• [Instructions for the task] From the line that has "Marlborough App mockup on phone" down to the last line of the data below, set down every line exactly, but none of the pictures.

• [Input data]

=====

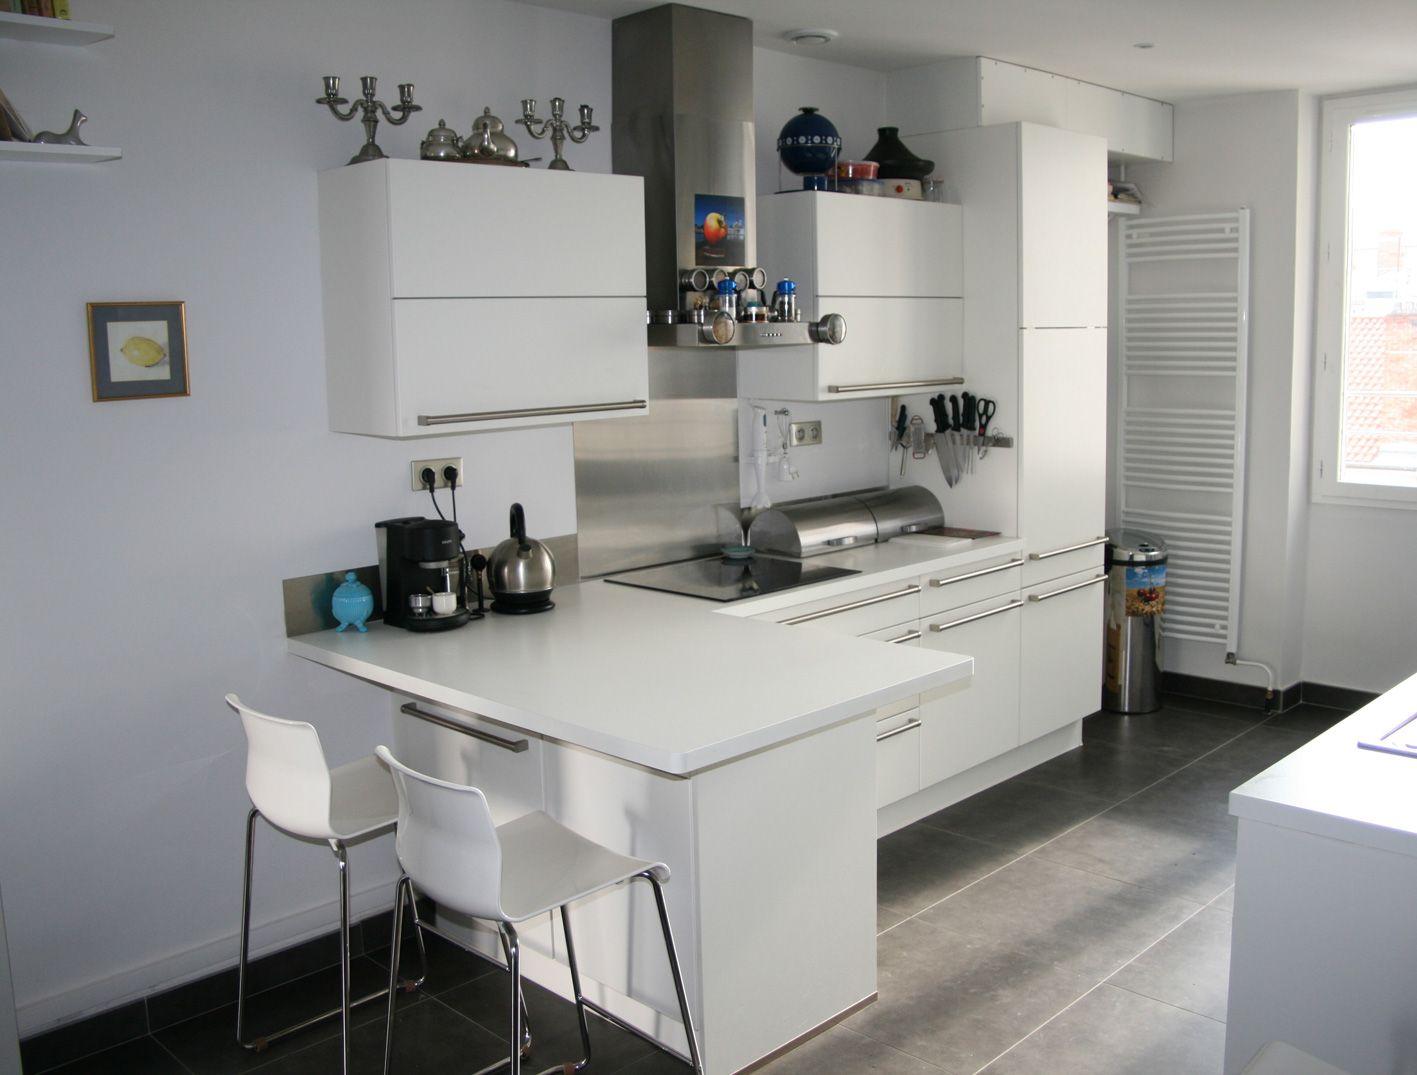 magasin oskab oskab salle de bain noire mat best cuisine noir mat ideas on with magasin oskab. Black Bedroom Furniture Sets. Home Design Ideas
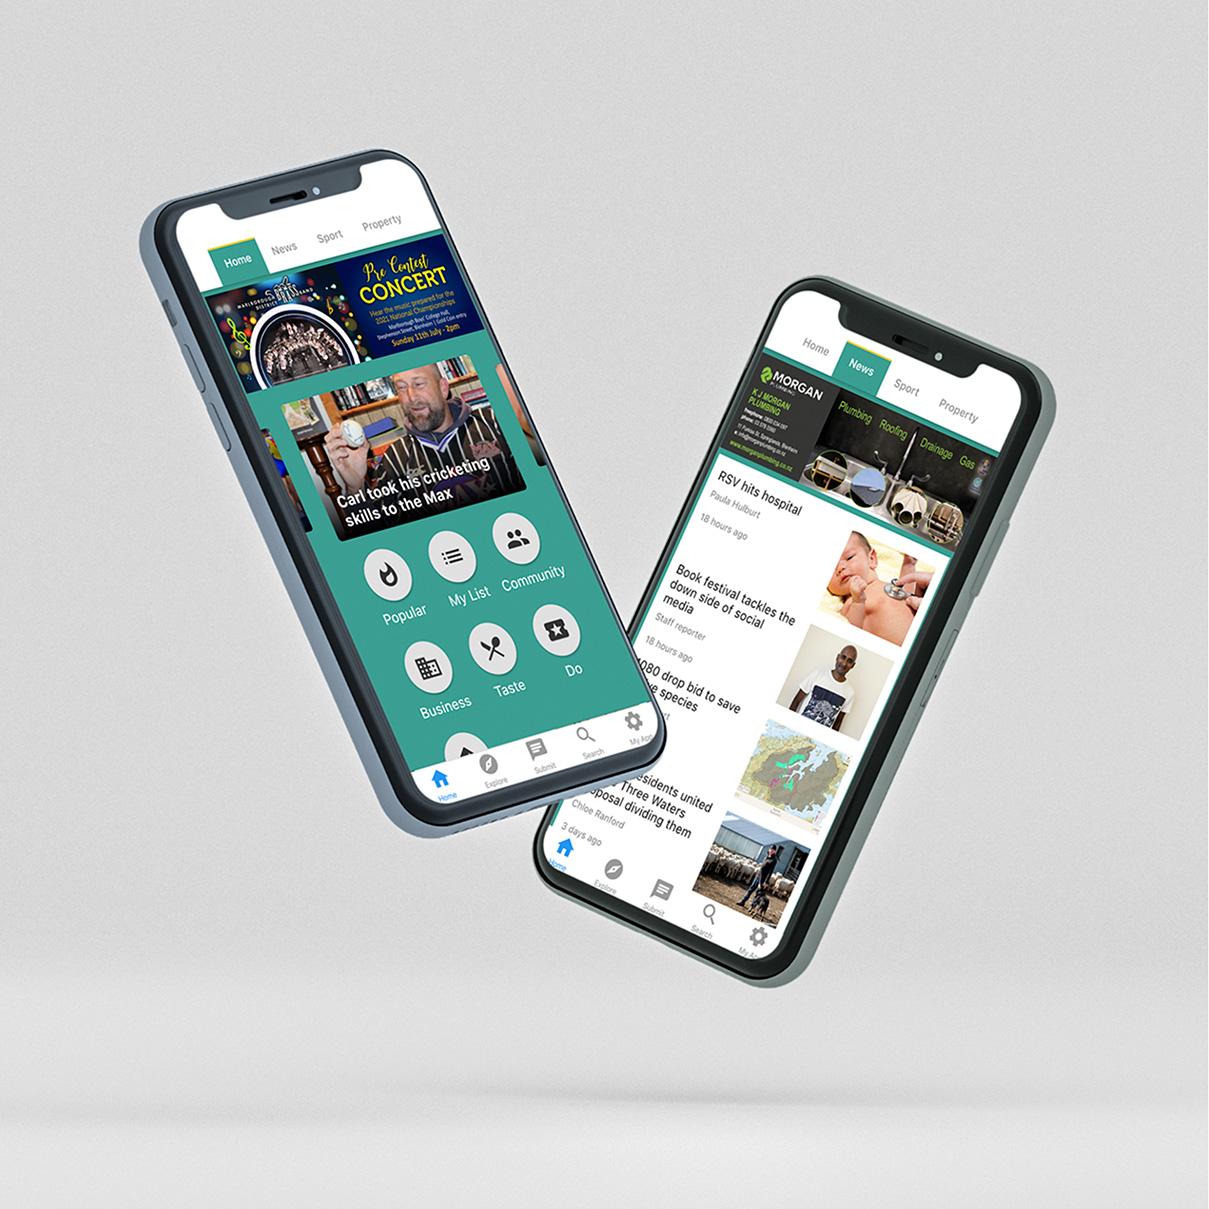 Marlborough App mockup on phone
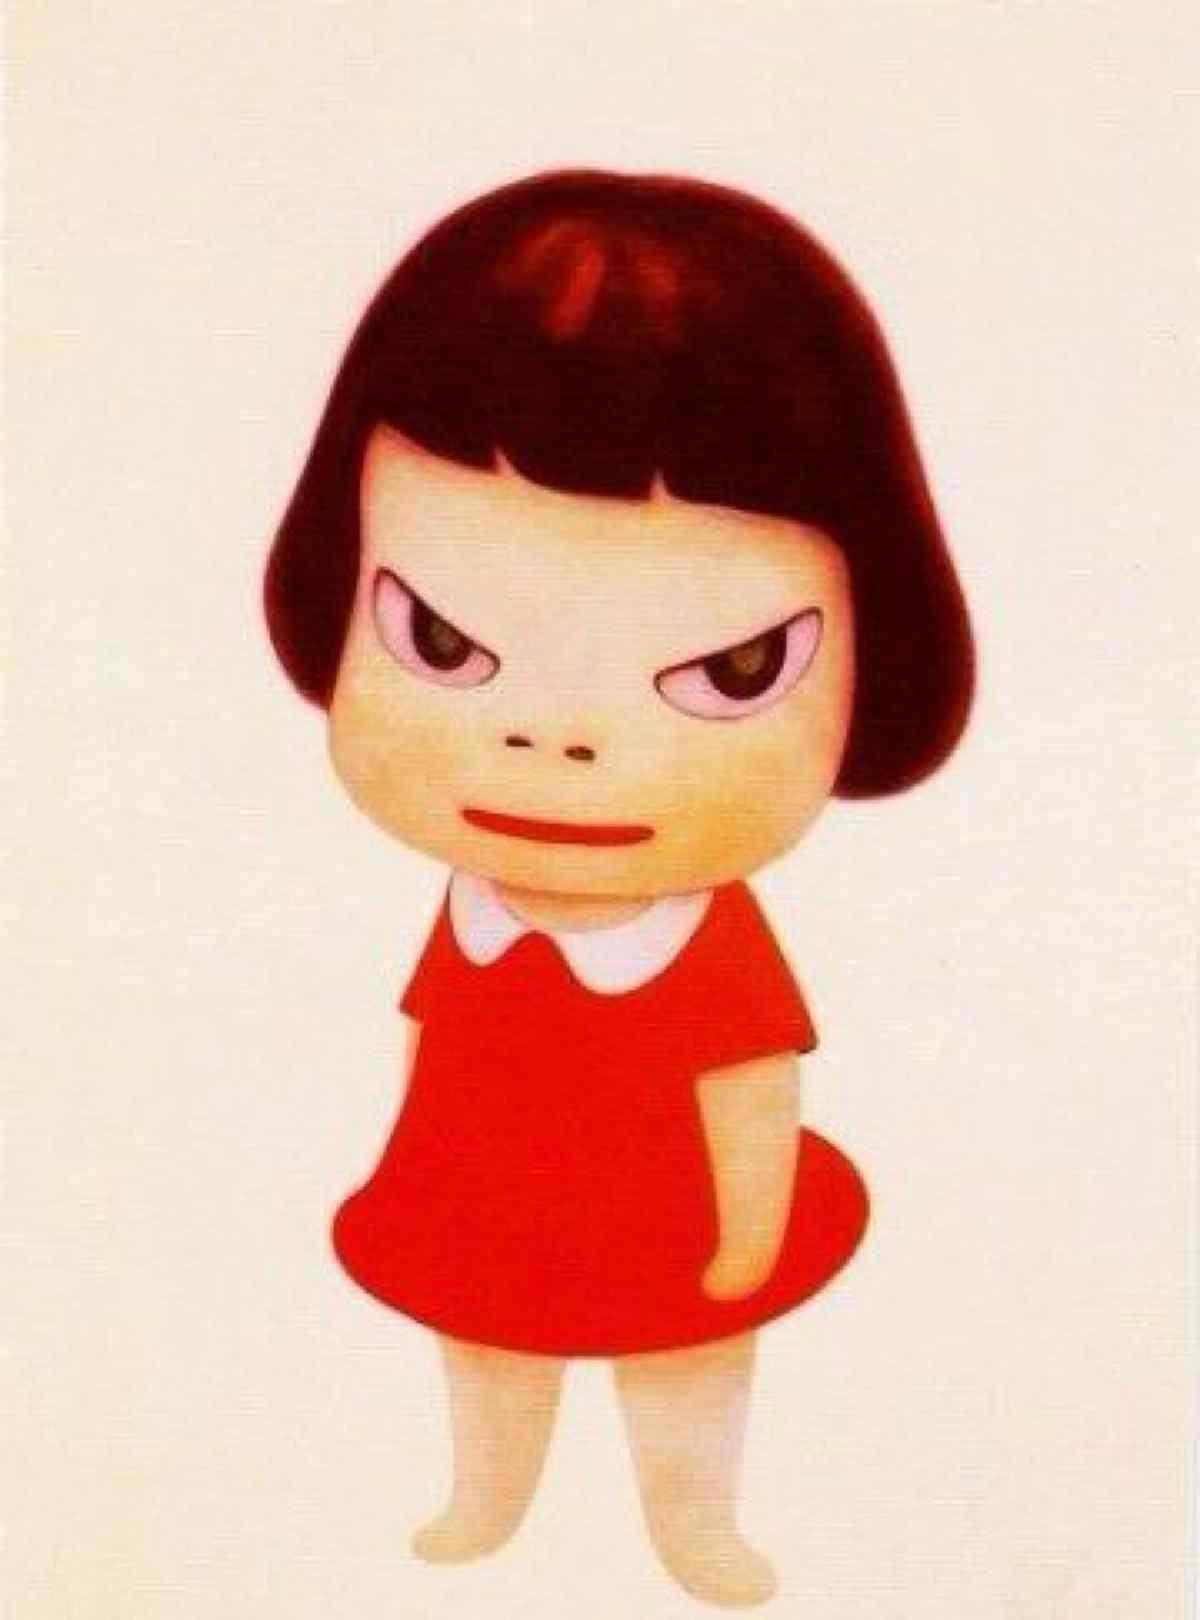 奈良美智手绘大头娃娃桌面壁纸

=====

• [Reply to the exercise]
 Marlborough App mockup on phone
 奈良美智手绘大头娃娃桌面壁纸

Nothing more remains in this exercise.